Aquilegia borodinii

Scientific classification
- Kingdom: Plantae
- Clade: Tracheophytes
- Clade: Angiosperms
- Clade: Eudicots
- Order: Ranunculales
- Family: Ranunculaceae
- Genus: Aquilegia
- Species: A. borodinii
- Binomial name: Aquilegia borodinii Schischk.

= Aquilegia borodinii =

- Genus: Aquilegia
- Species: borodinii
- Authority: Schischk.

Species of flowering plant

Aquilegia borodinii is a perennial flowering plant in the family Ranunculaceae, native to Siberia and Mongolia.

==Description==
Aquilegia borodinii is a perennial herb growing to 15–40 cm tall. It has green, ternate basal leaves and kidney-shaped leaflets with wavy teeth along the edge. The stems have short hairs. The flowers are whitish blue and 2–4 cm long, with thin nectar spurs measuring 1.5 cm in length.
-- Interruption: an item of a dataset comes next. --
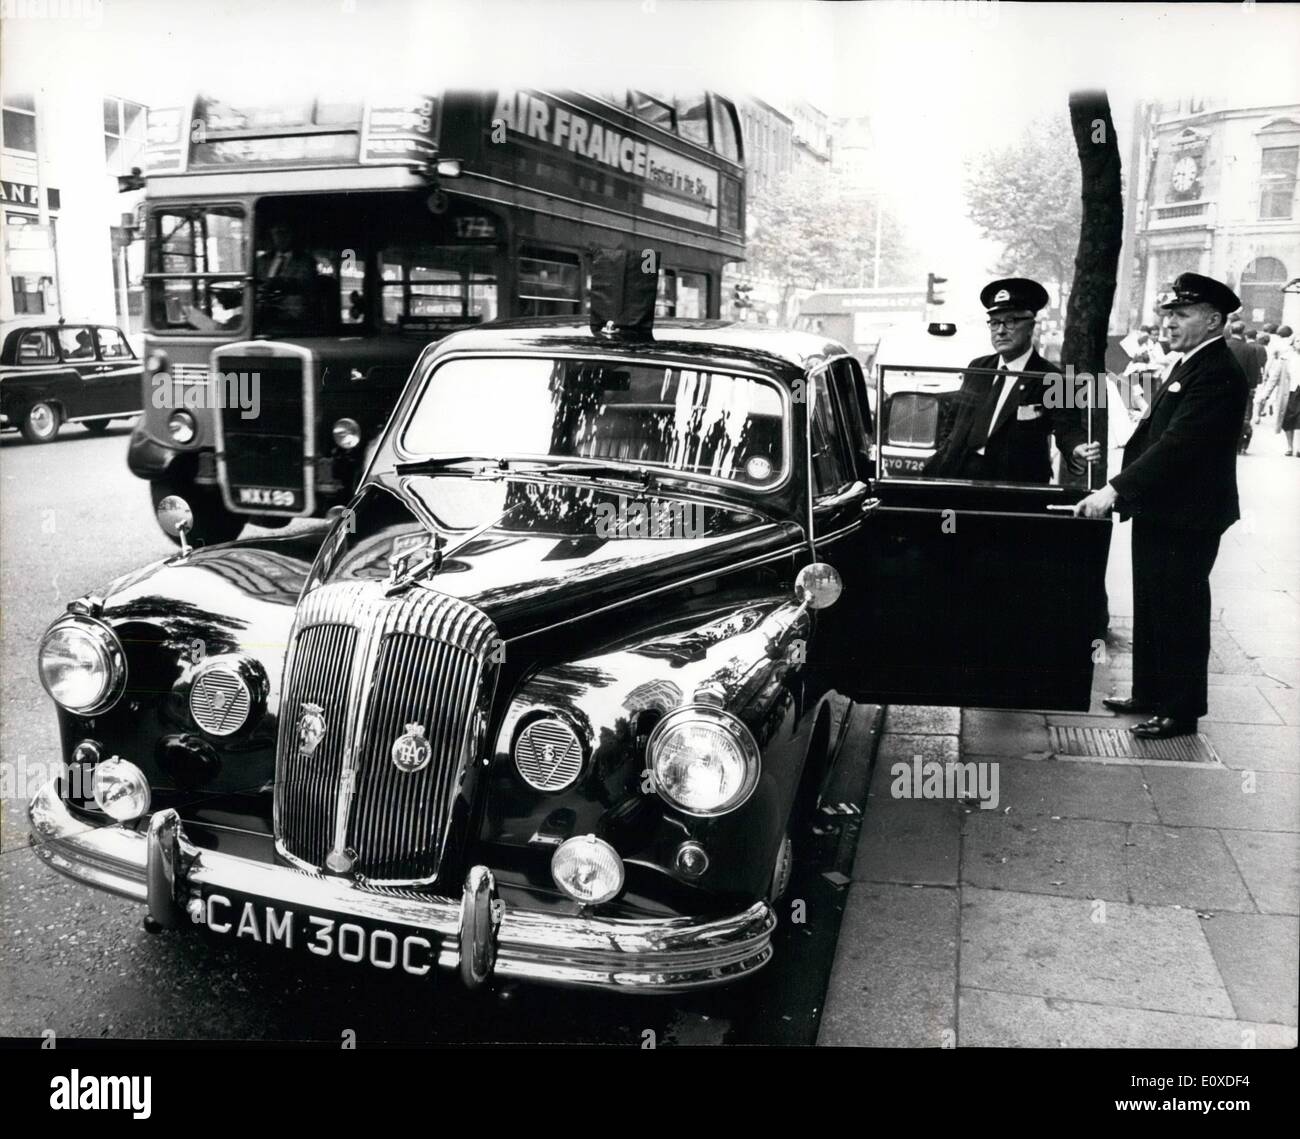 Jun. 06, 1966 - The Mayor as Bus Inspector When the last of the non stop convoy of morning rush hour buses has been inspected, a gleaming Daimler pulls up. Peaked cap is raised to peaked cap as the chauffeur greets his passenger. His Worship the Mayor of Camden, otherwise London Transport inspector of buses, Councillor Mike Patric O'Connor. The scene is Kingsway, London, Counsillor O'Connor has just clocked off after the morning shift. His mayoral limousine whisks him to his home for a quick brush up before the day of civic duties begins Stock Photo

==Distribution and habitat==
Aquilegia borodinii is native to southern Siberia (Altai Republic, Buryatia, Krasnoyarsk, and Tuva) and northern Mongolia (Bayan-Ölgii and Bulgan provinces). It inhabits scree and rocky areas at altitudes of 1600–2500 m.

==Conservation==
As of December 2024, the species has not been assessed for the IUCN Red List.

==Ecology==
Aquilegia borodinii blooms in summer.